PROBLEM DETAILS
Print the listing below again, exactly. Skip the pictures.

RECORDED DATA
****************************************

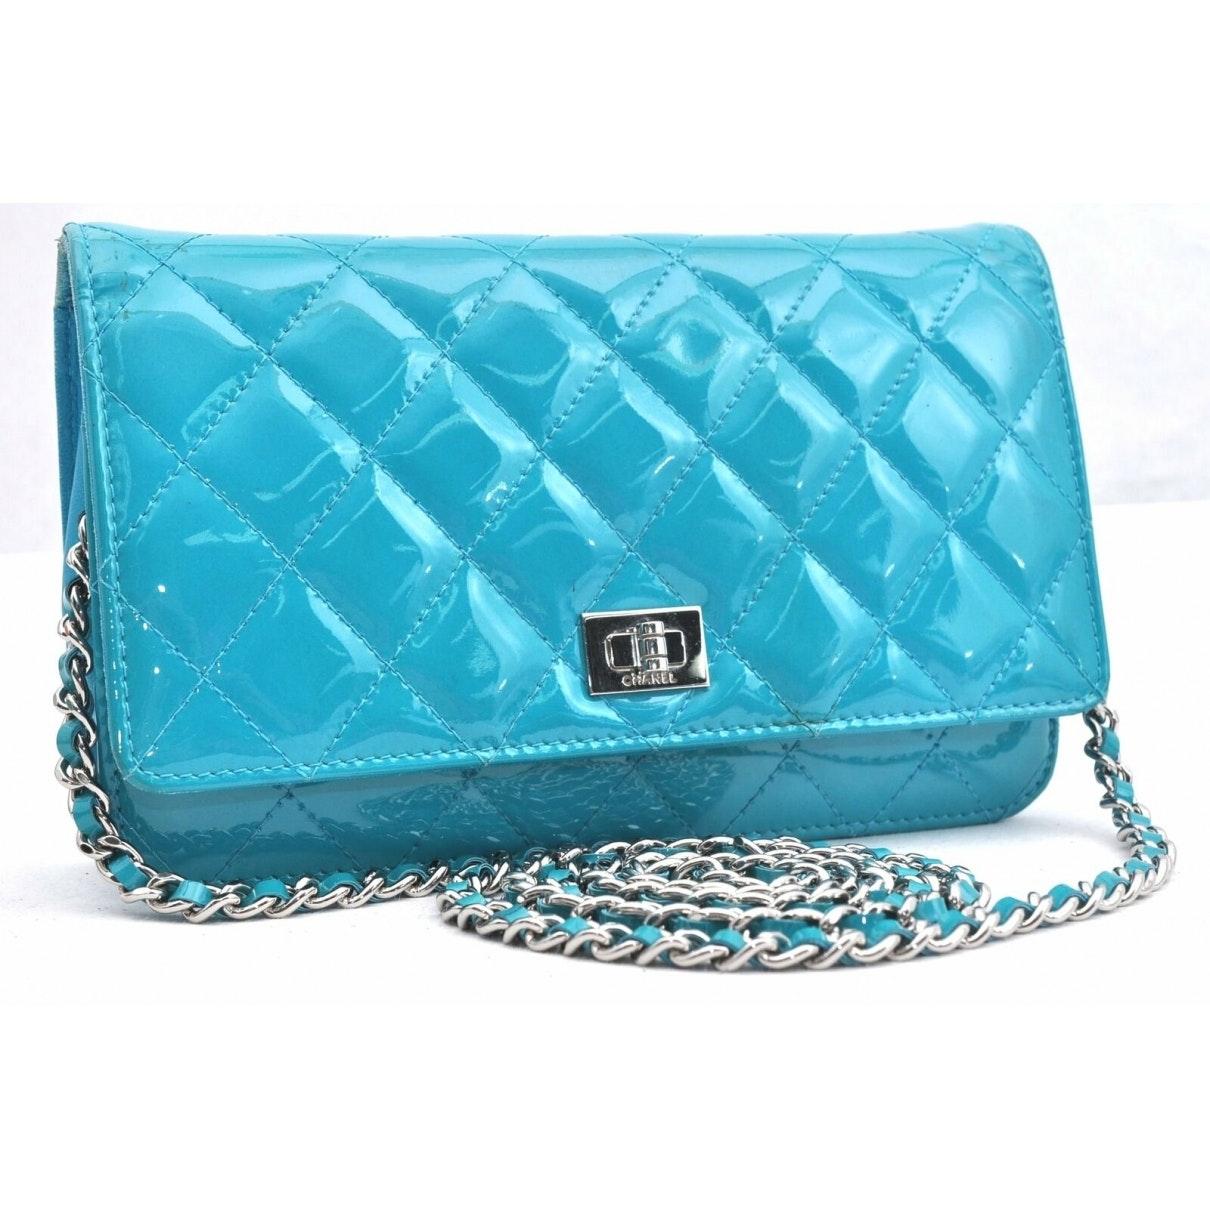 Chanel 2.55 Patent Leather Clutch Bag in Blue - Lyst
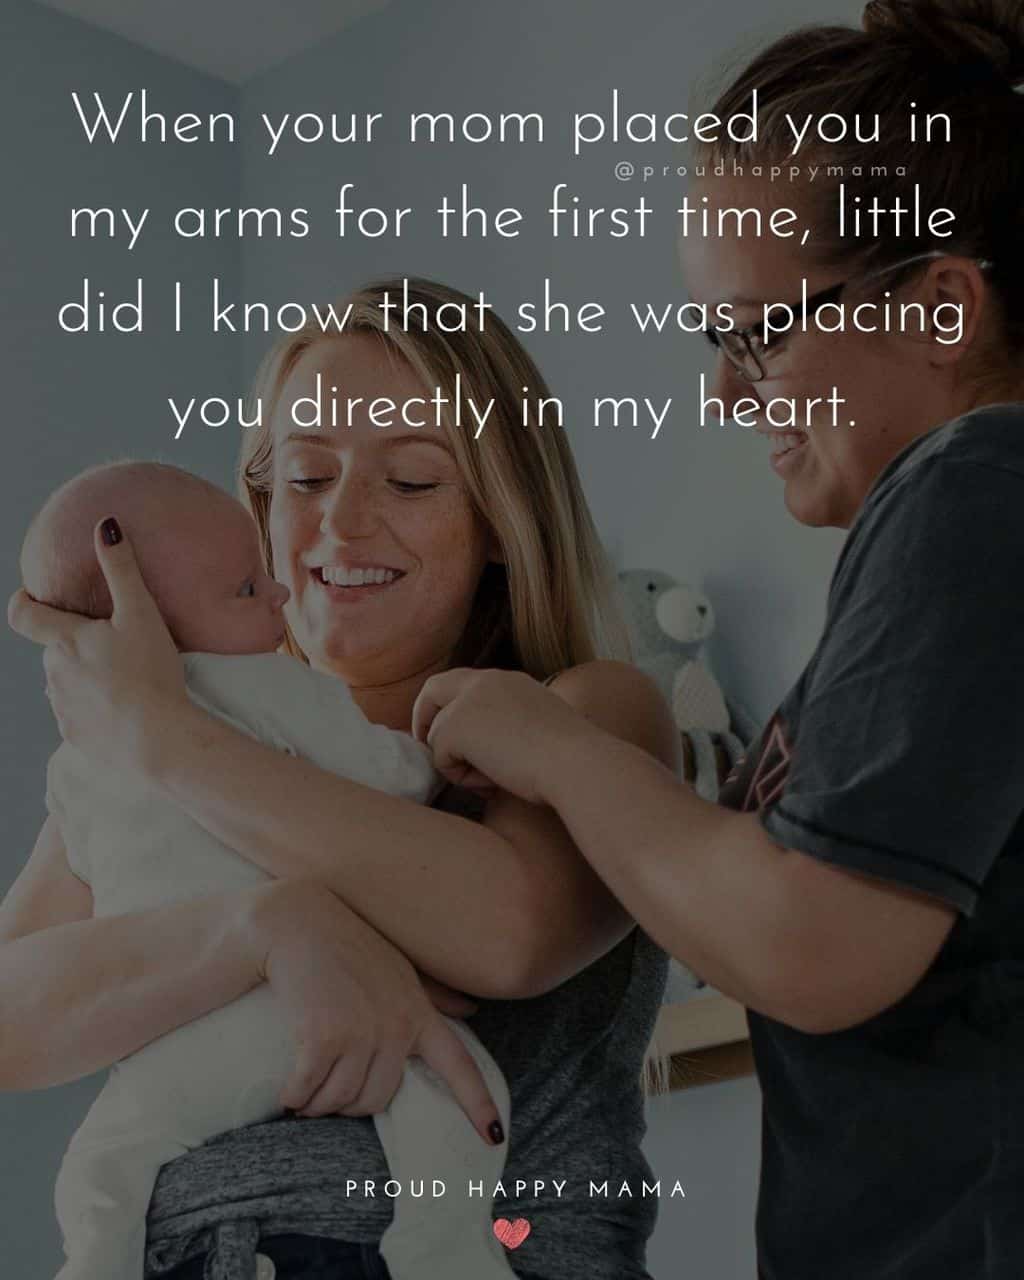 Niece Quotes - When your mom placed you in my arms for the first time, little did I know that she was placing you directly in my heart.
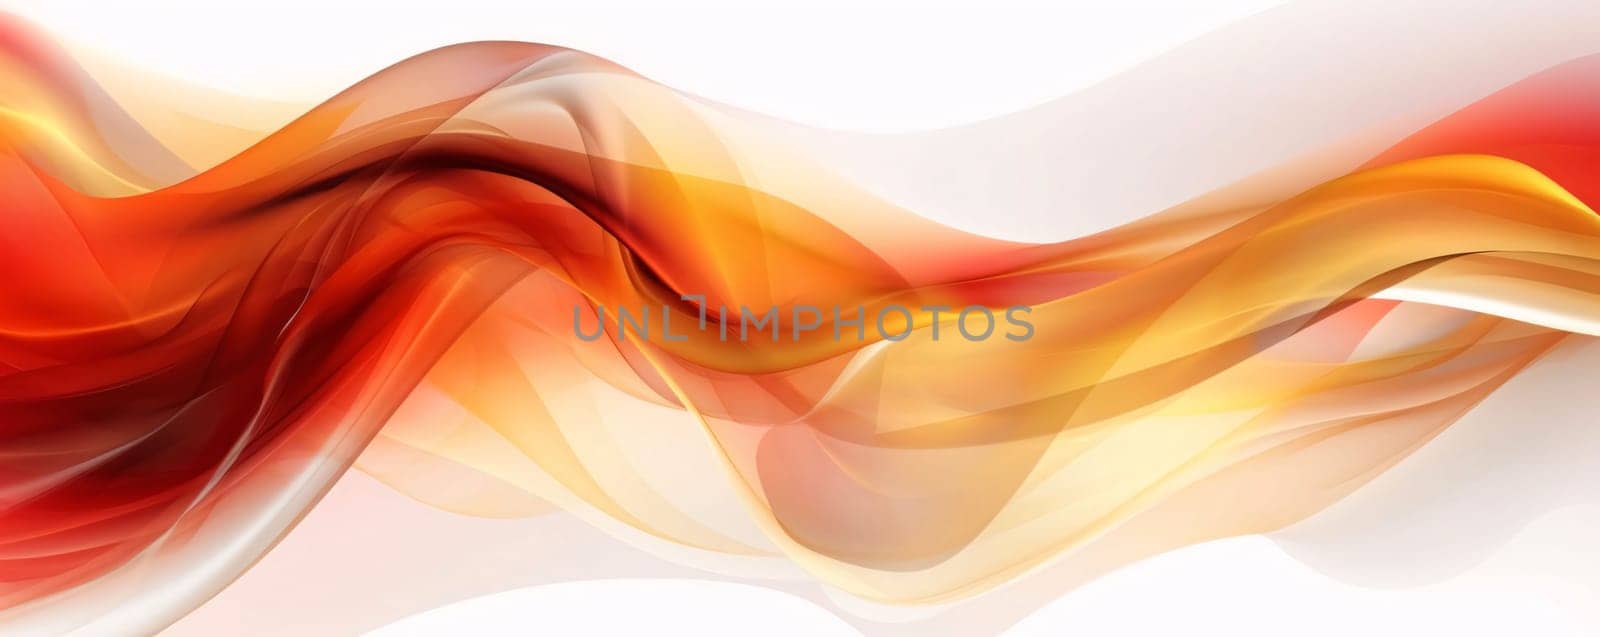 Abstract background design: abstract background with smooth flowing orange and red waves, vector illustration

****************************************

RESPONSE TO THE TASK
 Chanel 2.55 Patent Leather Clutch Bag in Blue - Lyst
 Niece Quotes - When your mom placed you in my arms for the first time, little did I know that she was placing you directly in my heart.
 Abstract background design: abstract background with smooth flowing orange and red waves, vector illustration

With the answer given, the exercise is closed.